HP's multi-stage breakup over the last couple of years -- comprising not only a late-2015 PC/printing split, but also the spinoff of HP Enterprise's large Enterprises Services arm and a pending deal to spin off many of its software assets -- highlights both the potential and costs of an IBM breakup. The PC/printing unit, now known as HP Inc. (HPQ) , has seen its shares rise over 35% since splitting from the rest of HP, as its management team has driven both PC and printing share gains without badly sacrificing margins.

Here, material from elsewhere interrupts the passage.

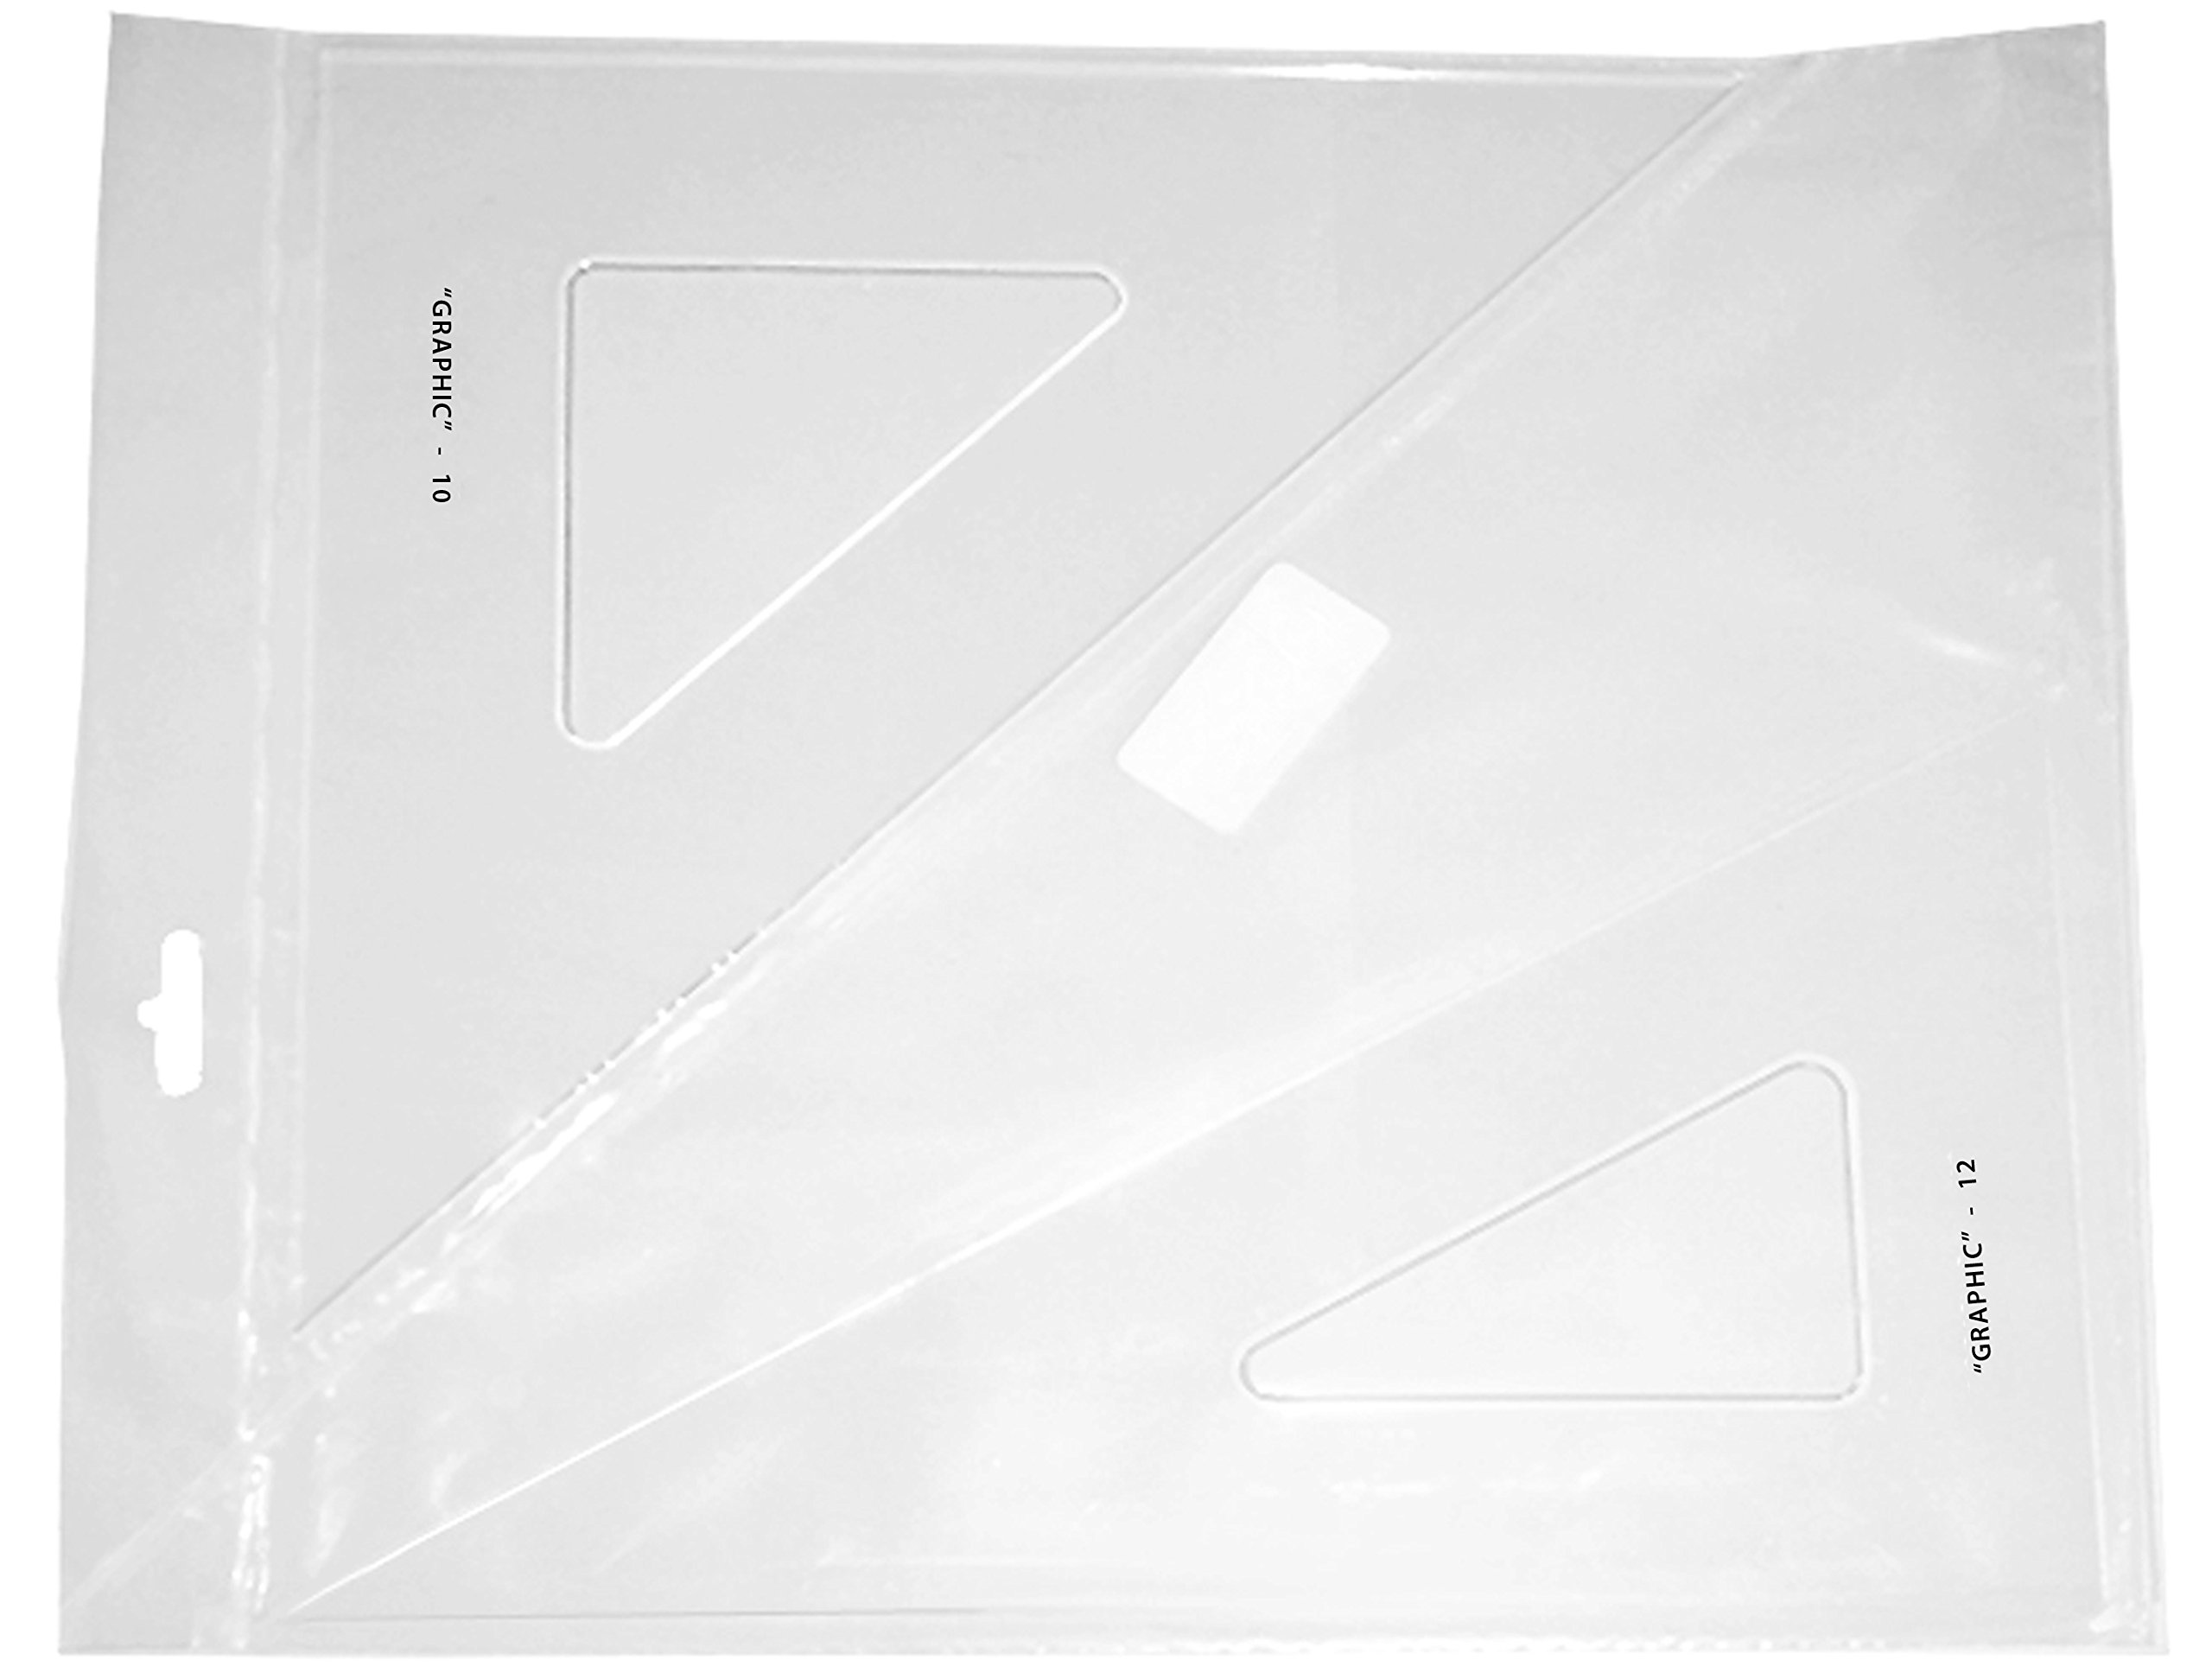 Book Cover ALVIN - Transparent Triangle Set, Economical Drafting Tool, Multipurpose for Design, Engineering, and Architecture, Great for Machining and Woodworking - Set of 2-10

On the other hand, HPE is trading close to where it did at the time of the breakup. Any enthusiasm over HPE's spinoffs, and its related attempt to focus more strongly on enterprise hardware, has been offset by worries about continued server and storage sales declines amid major secular pressures.

One compromise solution for IBM would be to explore asset sales and spinoffs for select businesses that carry low margins, face major long-term challenges and/or have limited synergies with the rest of the company. It would also make sense to look at businesses whose divestiture would free management to focus on differentiated software and services businesses, while possibly opening the door to new partnerships.

IBM's app outsourcing and database businesses are among the possibilities here. The long-struggling Systems (hardware) unit, which might do better under dedicated management ready to make big acquisitions to fill product holes, is another.

Others might disagree about the merits of unloading such businesses, and even moreso about a large-scale breakup. And they certainly would have some arguments to back up their views.

Regardless, at this point, those arguing that the status quo can't go on have some pretty strong talking points as well. If IBM's shares continue performing the way they have in recent years, look for calls for a major business overhaul -- including possibly from activist investors -- to grow markedly.

IBM's shares fell 0.7% to $146 by Monday's close.